INSTRUCTIONS TO FOLLOW: Before copying, set the pictures aside; then repeat every line below verbatim.

DATA BELOW:
=== Section Start ===

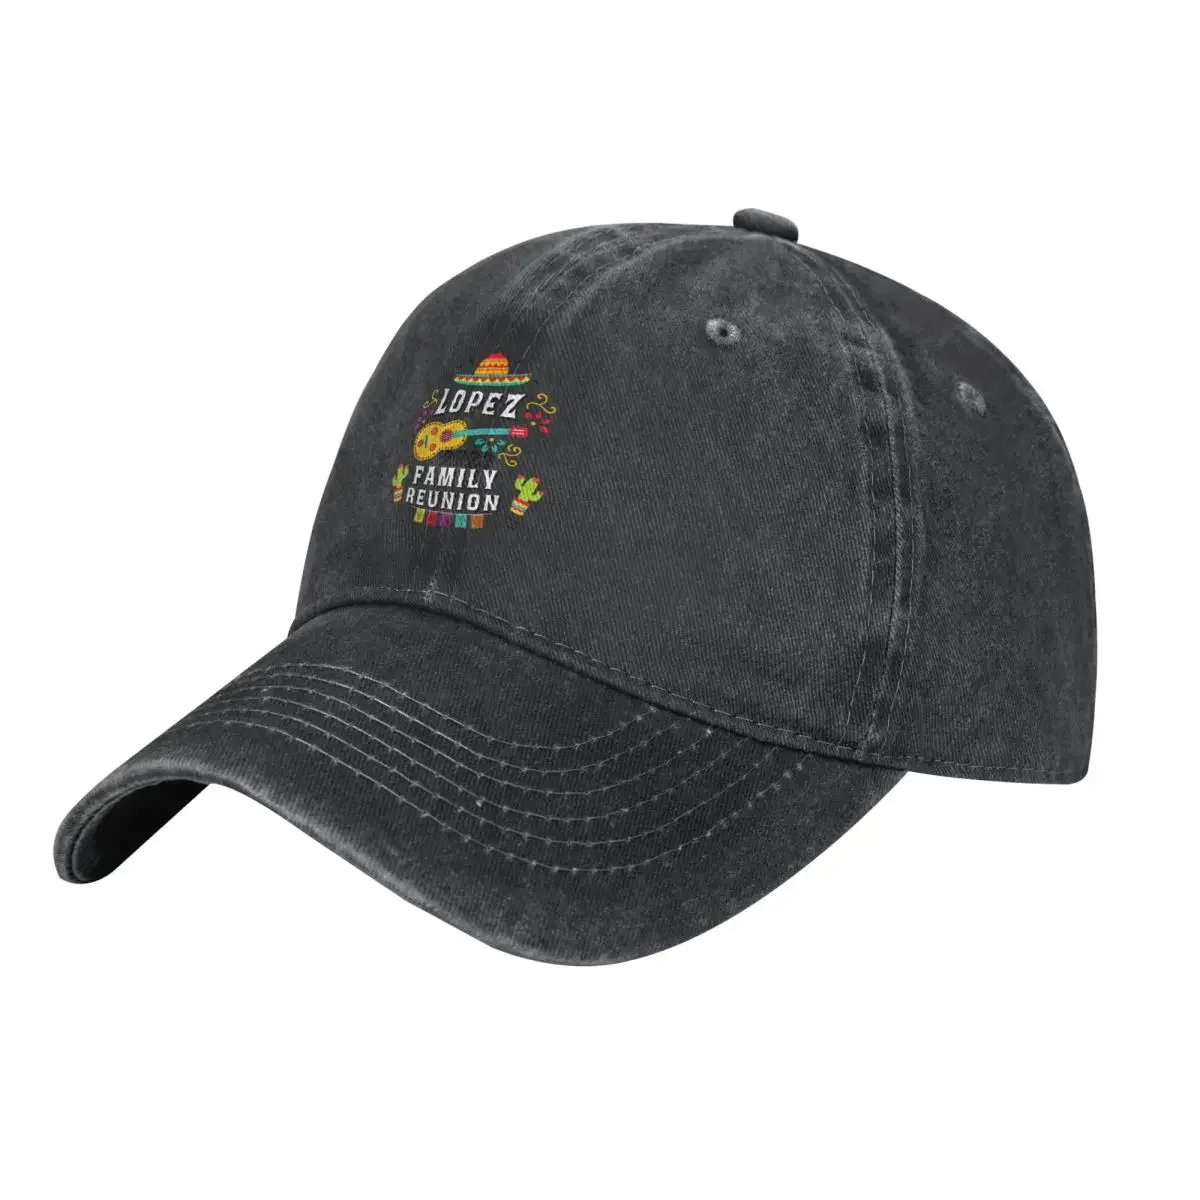 

LopezREUNION2023 Cowboy Hat Trucker Cap Military Tactical Cap derby hat Golf Hat Men's Hats Women's
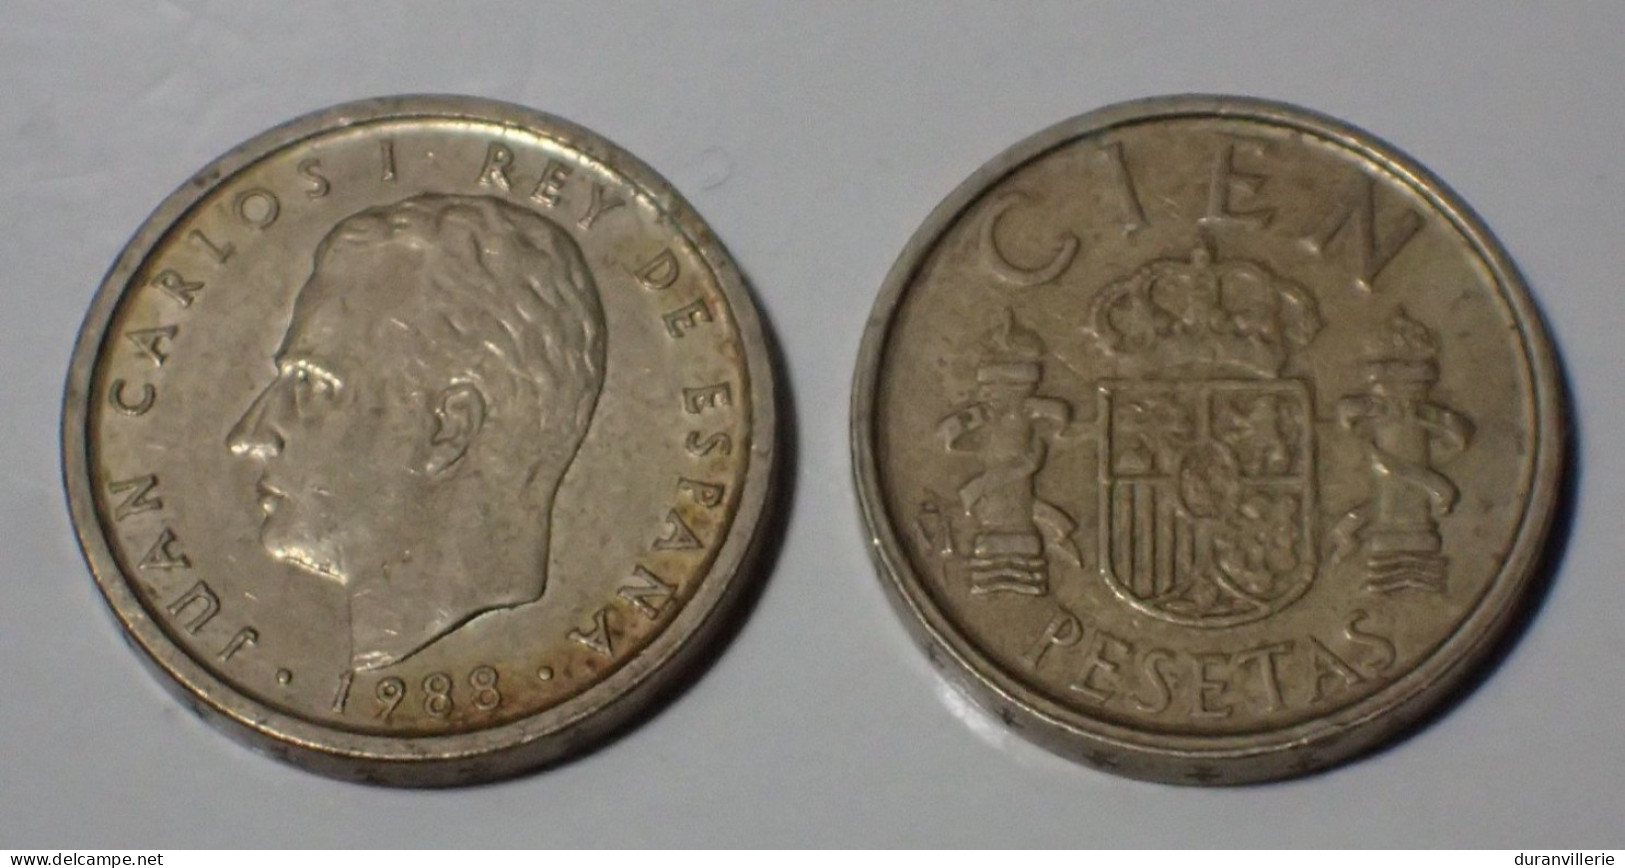 Spagna - Spain - Espana - Spanien 1988 - 100 Pesetas, KM 826 - 100 Pesetas
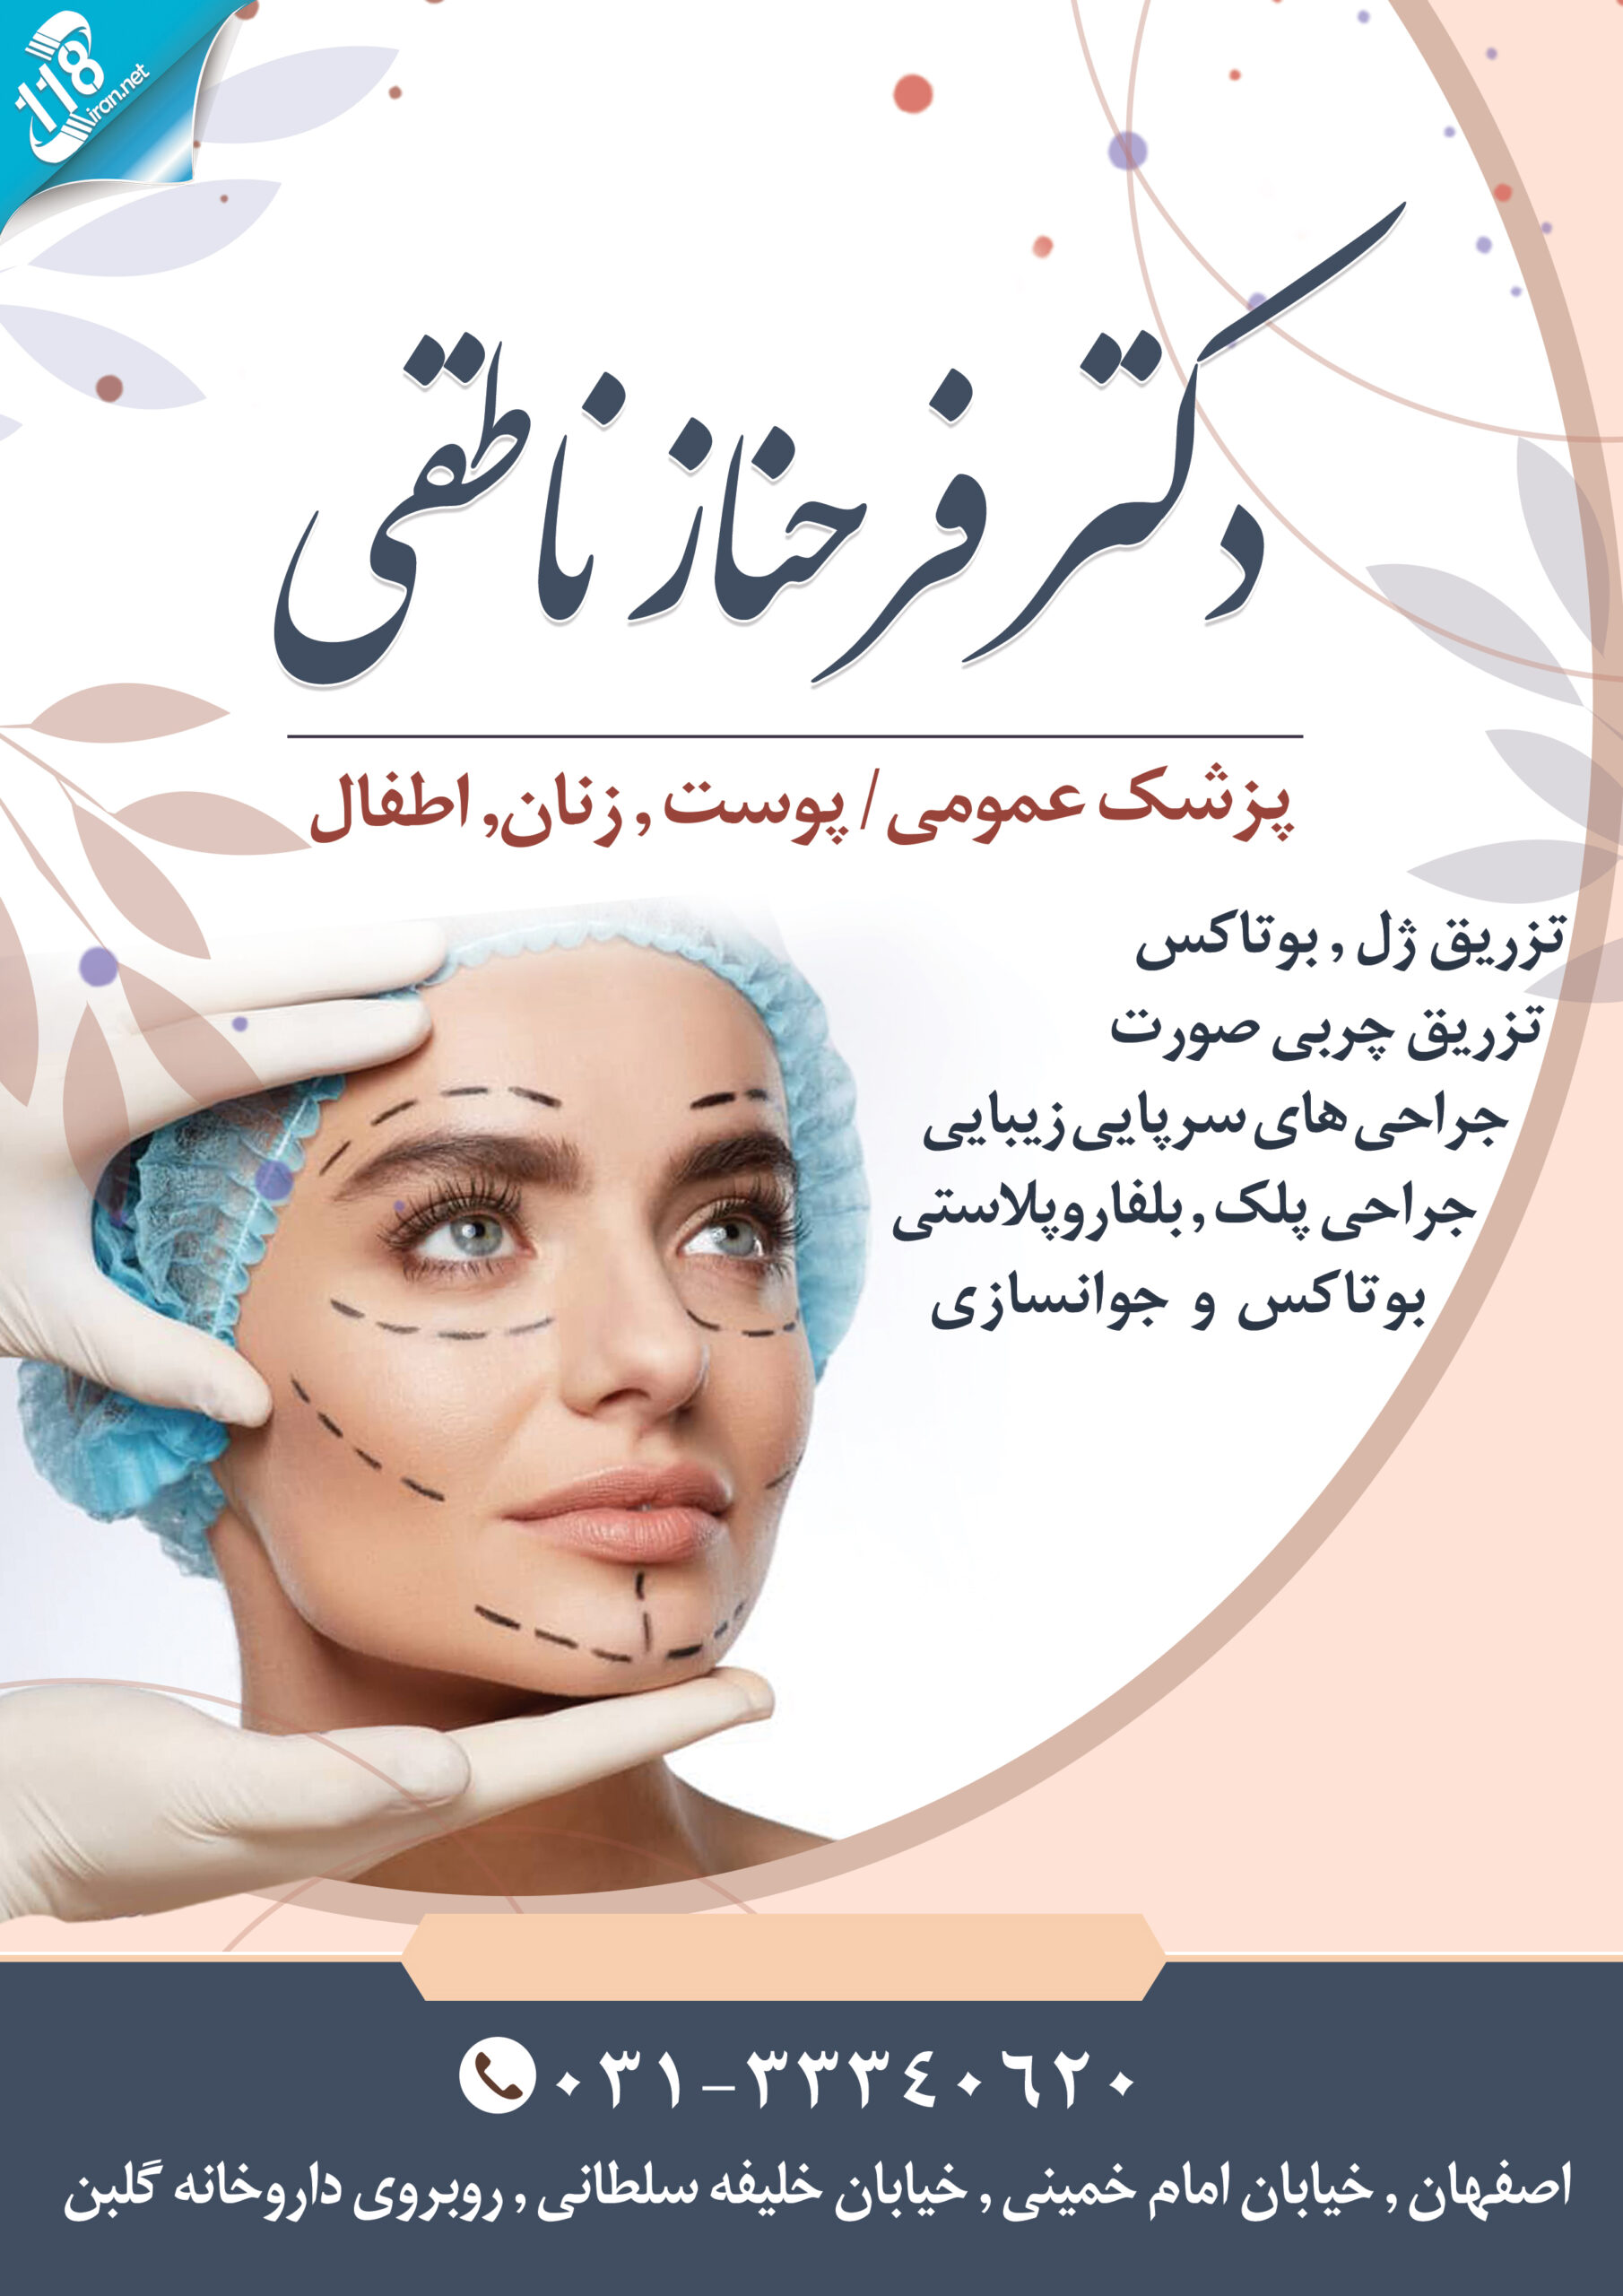 دکتر فرحناز ناطقی در اصفهان
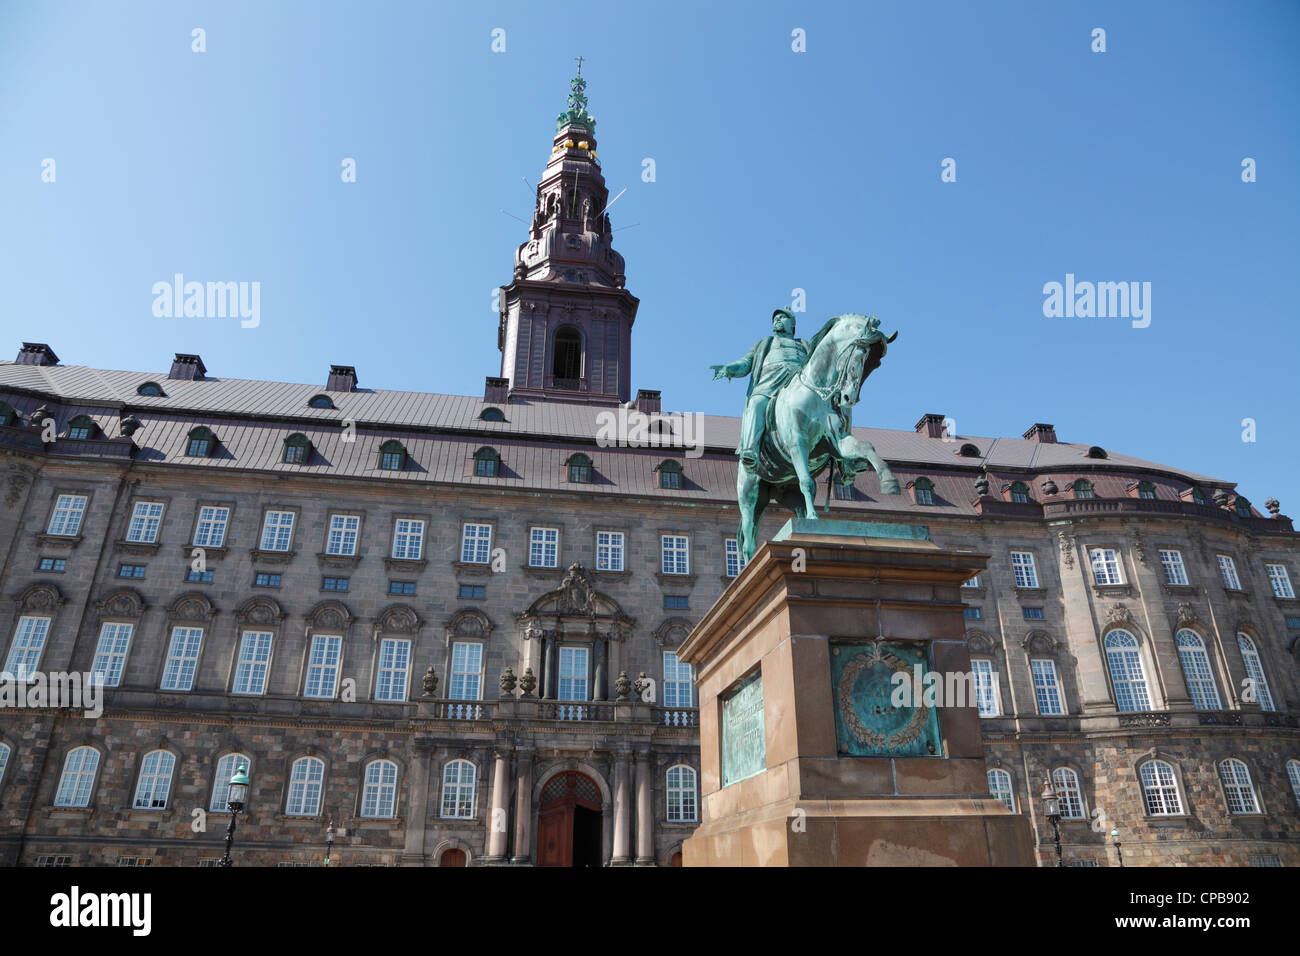 El castillo y la plaza del Castillo Christiansborg con la estatua ecuestre. El edificio del parlamento danés en Copenhague, Dinamarca Foto de stock

=== Section End ===

ANSWER TO THE EXERCISE:
LopezREUNION2023 Cowboy Hat Trucker Cap Military Tactical Cap derby hat Golf Hat Men's Hats Women's
 Spagna - Spain - Espana - Spanien 1988 - 100 Pesetas, KM 826 - 100 Pesetas
 دکتر فرحناز ناطقی در اصفهان
 El castillo y la plaza del Castillo Christiansborg con la estatua ecuestre. El edificio del parlamento danés en Copenhague, Dinamarca Foto de stock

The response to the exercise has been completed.